(Dataset section Opens)
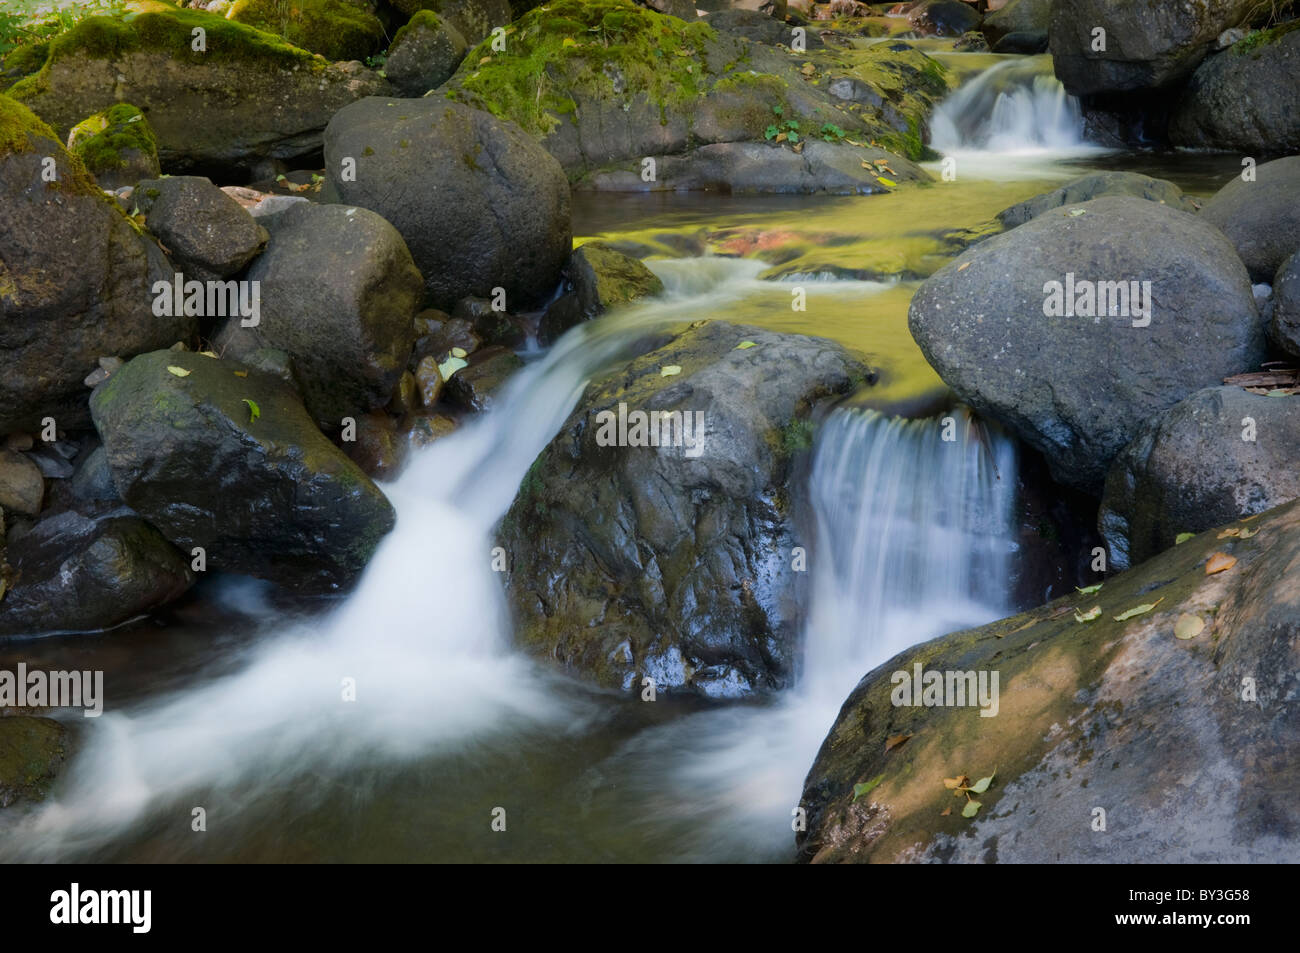 USA, Oregon, small waterfall Stock Photo
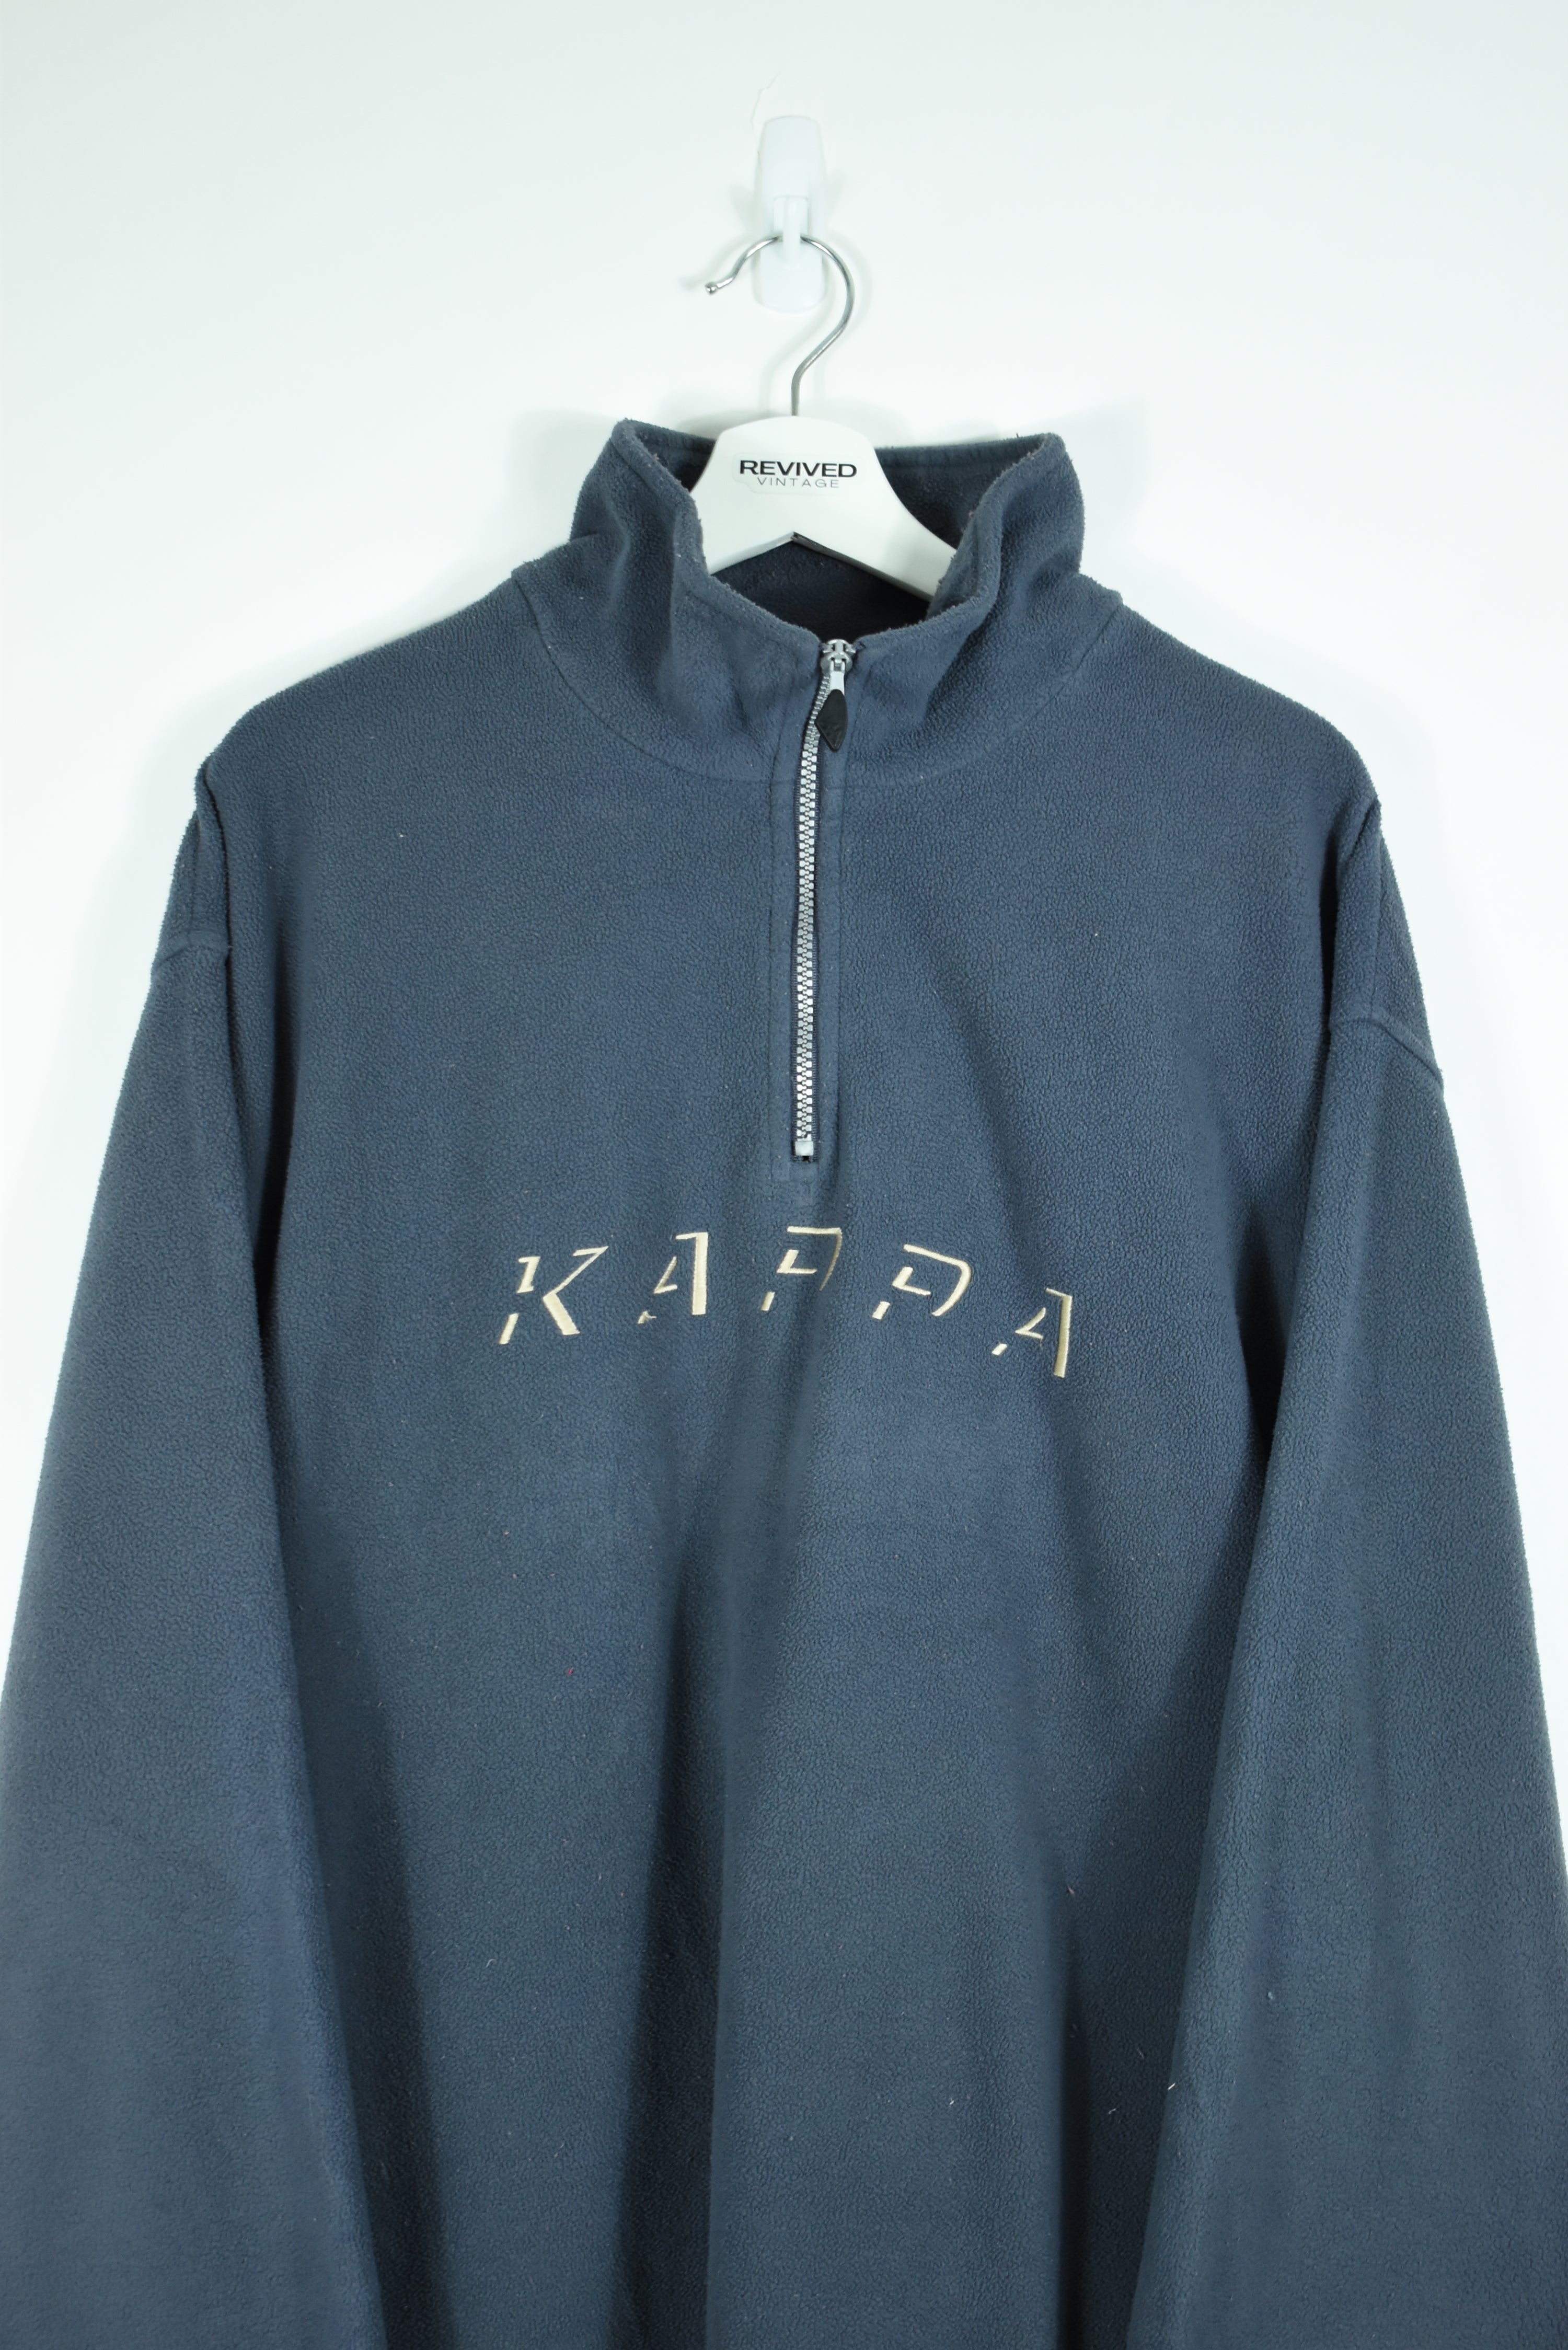 Vintage Kappa Embroidery Fleece 1/4 Zip Xlarge
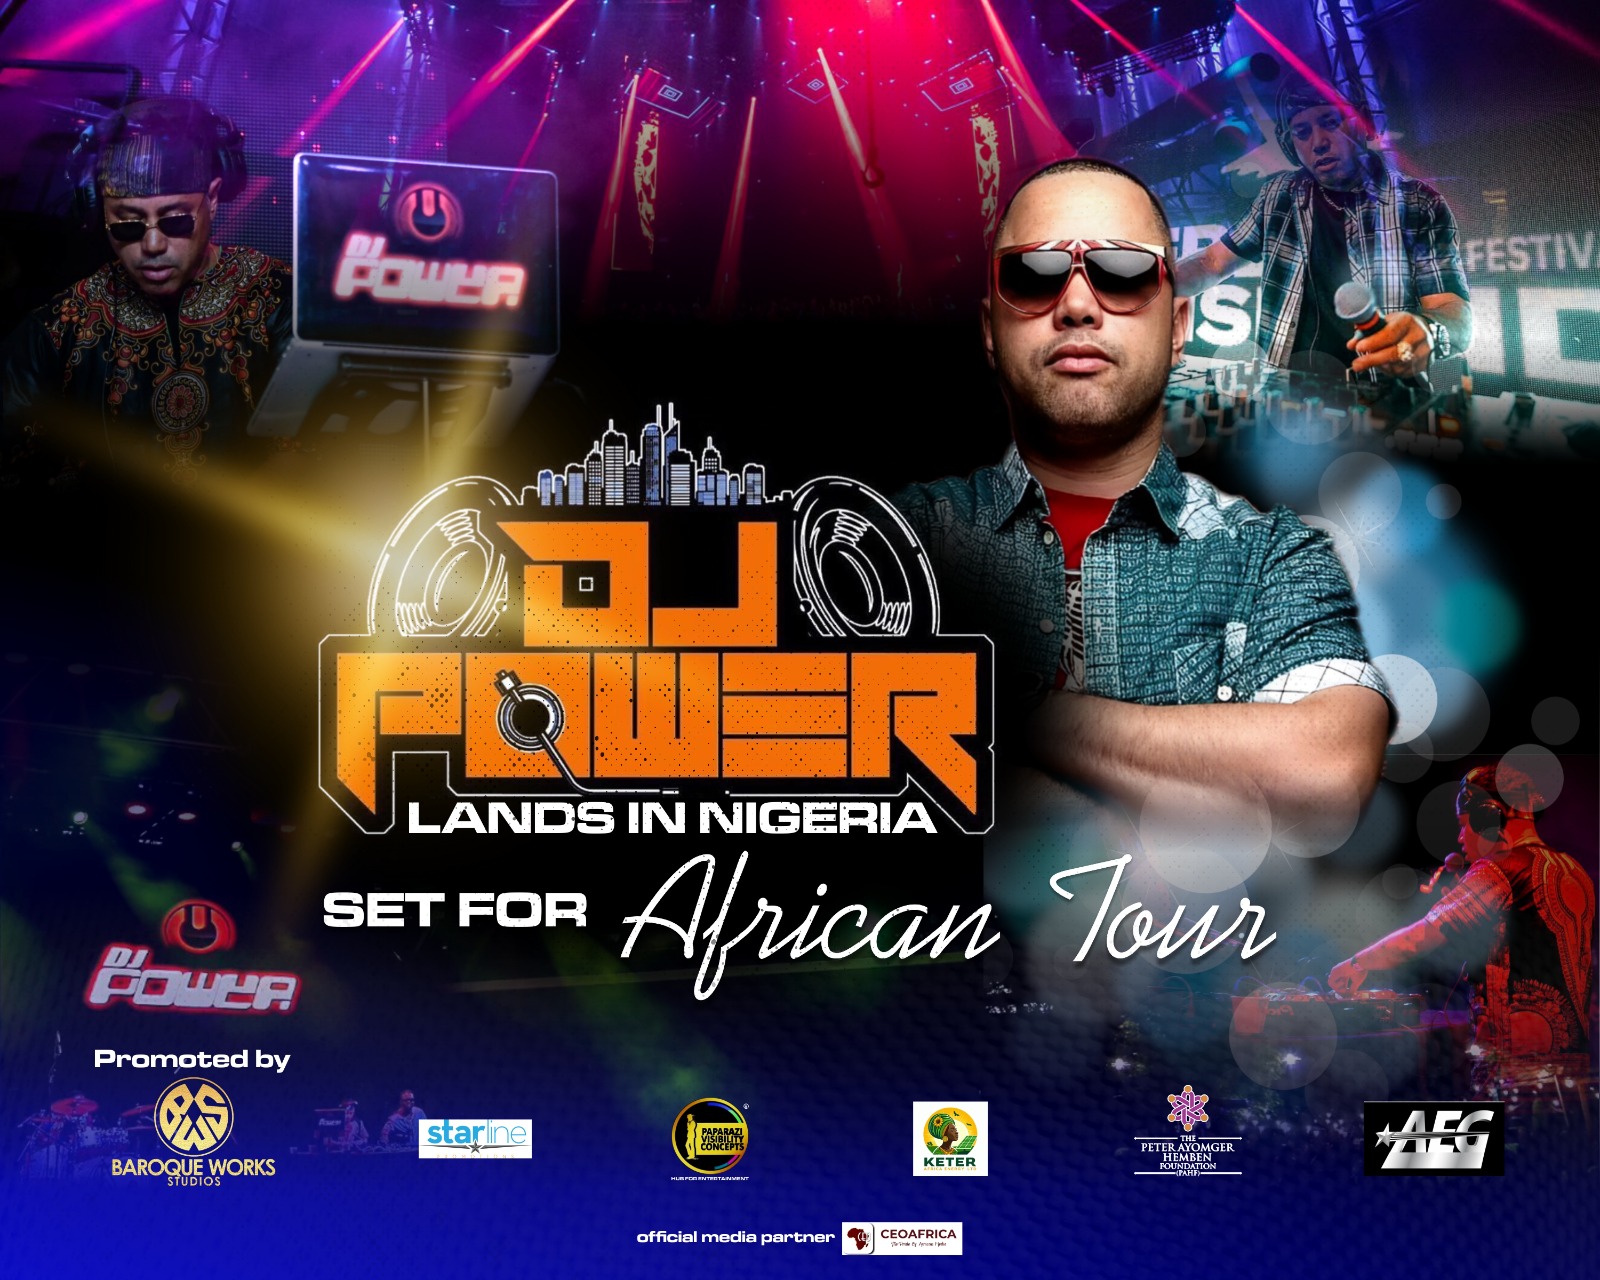 DJ Power Live in Nigeria
(Dataset section Closes)
What needs to be done
Reproduce each line above exactly, but not a single picture.

The answer
 USA, Oregon, small waterfall Stock Photo
 Vintage Kappa Embroidery Fleece 1/4 Zip Xlarge
 DJ Power Live in Nigeria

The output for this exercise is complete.